How do personal loans for vacation work?

Unlike some types of loans–like a student loan or mortgage–vacation loans are flexible. Each lender has different guidelines, but you can usually use a vacation loan for any kind of travel expense. You could purchase airline tickets, book a hotel, rent a house, or plan a cruise up front, then repay your lender in monthly installments after your trip. 

Is it a good idea to take out a loan for vacation?

Generally speaking, it’s best to avoid taking on additional debt or paying interest when possible. That’s why many people prefer to budget for vacations in advance rather than funding a trip with a loan. 

Still, travel loans come with several benefits, like spreading out the cost of a trip over several months or years. To help you make the best decision for your needs, let’s take a look at some of the pros and cons of vacation loans

Pros of vacation loans

  • Vacation loans have fast, flexible funding. Your funding timeline will vary based on which loan provider you choose, but you may be able to get your vacation loan in as little as 1 business day. That way, you can plan even the most spur-of-the-moment trip without worrying about how you’ll pay for it. 
  • There’s usually no collateral required. Unlike a secured loan, you don’t have to put down collateral on an unsecured vacation loan. Your interest rates may be slightly higher, but you won’t have to worry about losing your property if your circumstances change and you’re unable to repay your loan on time. 
  • A travel loan may be less expensive than other vacation financing options.
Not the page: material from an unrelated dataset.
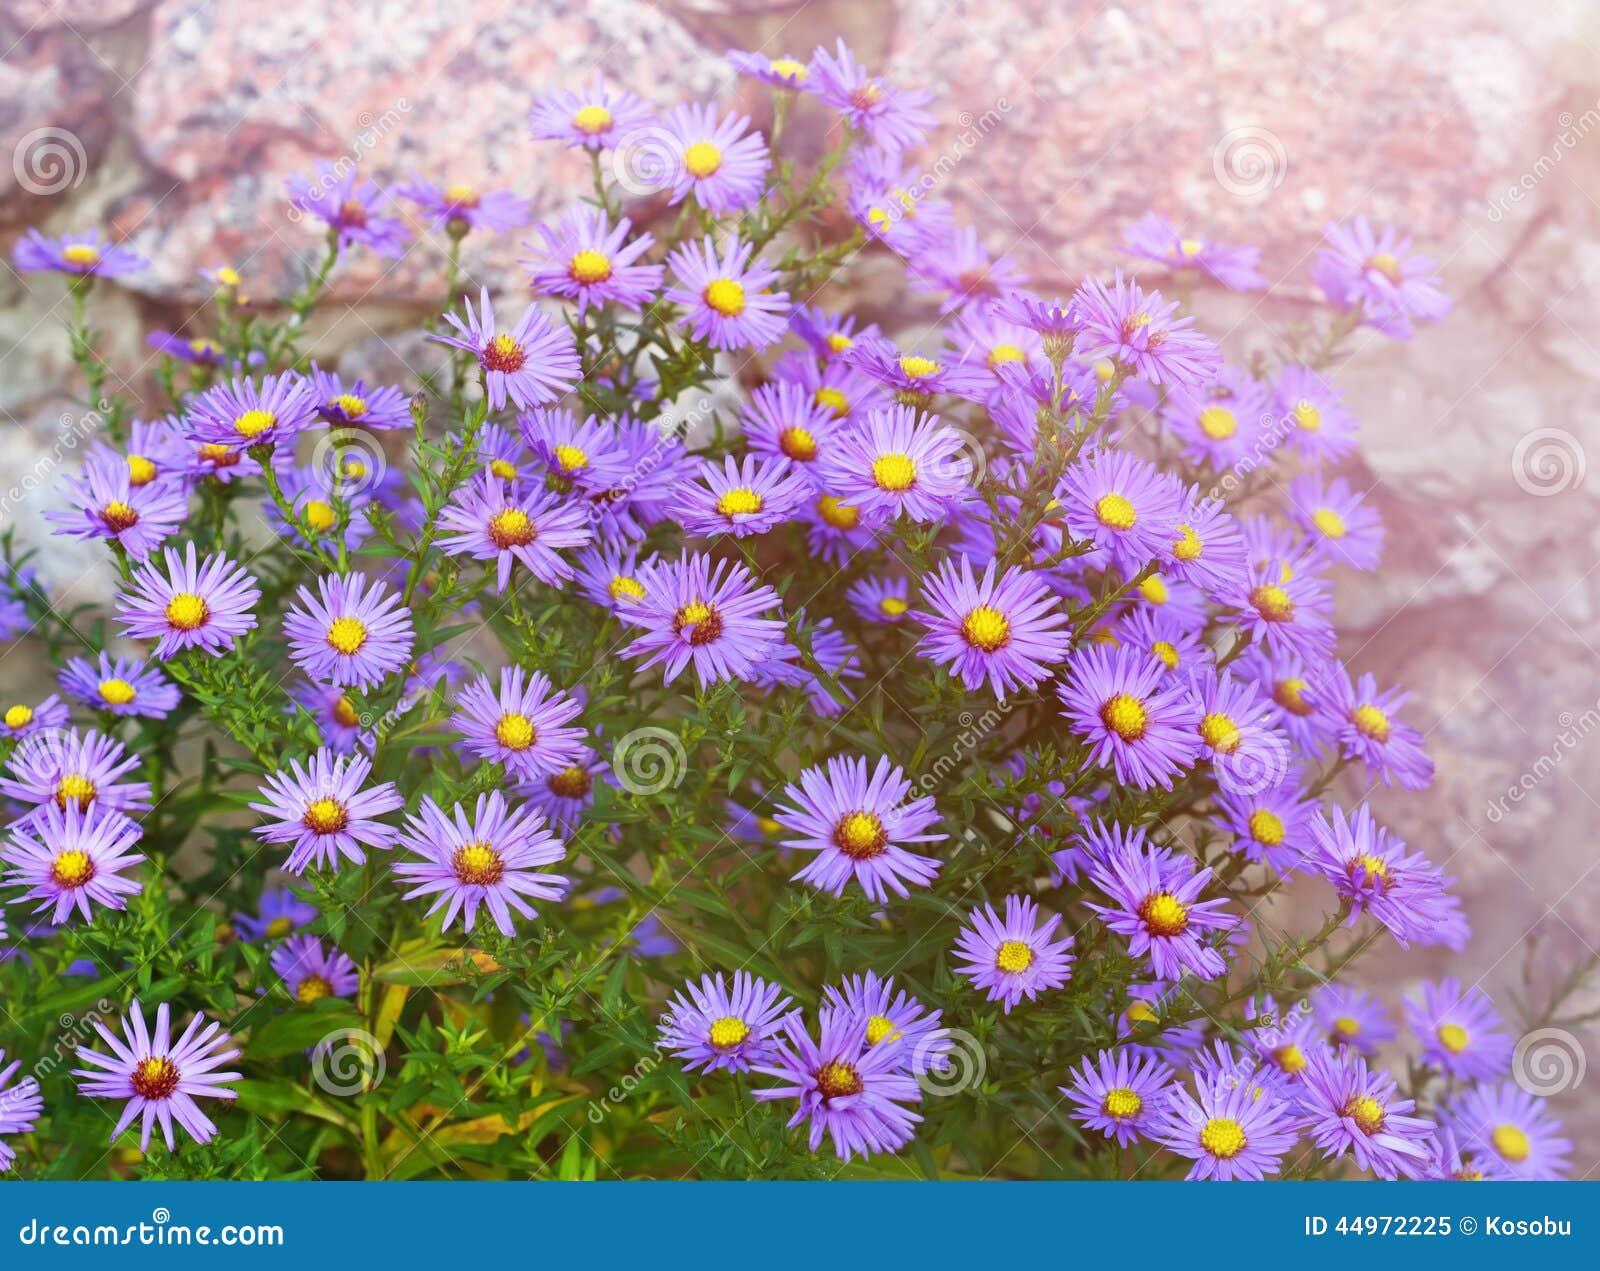 Como ásteres De New York, No Canteiro De Flores Do Jardim No Outono~ Flores Para Jardim De Outono

Taking out a vacation loan may cost you less than some other trip financing options, like high-interest credit cards or a personal line of credit.That said, it’s important to remember that your rate will depend on details like your credit score and repayment history, so make sure you compare your options before choosing a funding source.
  • You’ll have a predictable repayment plan. Like many personal loans, vacation loans come with fixed repayment terms and set monthly installments. That means you can build your monthly vacation payments into your budget—and have a definite end date in sight. 
  • You’ll have a clear vacation budget. We know how easy it is to lose sight of your budget while you’re traveling, especially when you’re on vacation with friends or family. Luckily, a travel loan can help you stick to your budget, because you’ll know exactly how much money you have to spend. 

Cons of vacation loans

  • A travel loan will increase your debt-to-income ratio. When you borrow money to finance a vacation, you take on more debt and increase your debt-to-income ratio, or the percentage of your monthly income that you use to pay off debt.Typically, potential lenders look for a debt-to-income ratio of 43% or lower. Anything higher indicates you could be at a higher risk of defaulting on your loan. So, accepting a vacation loan might prevent you from getting approved for another line of credit, like a home mortgage, in the near future.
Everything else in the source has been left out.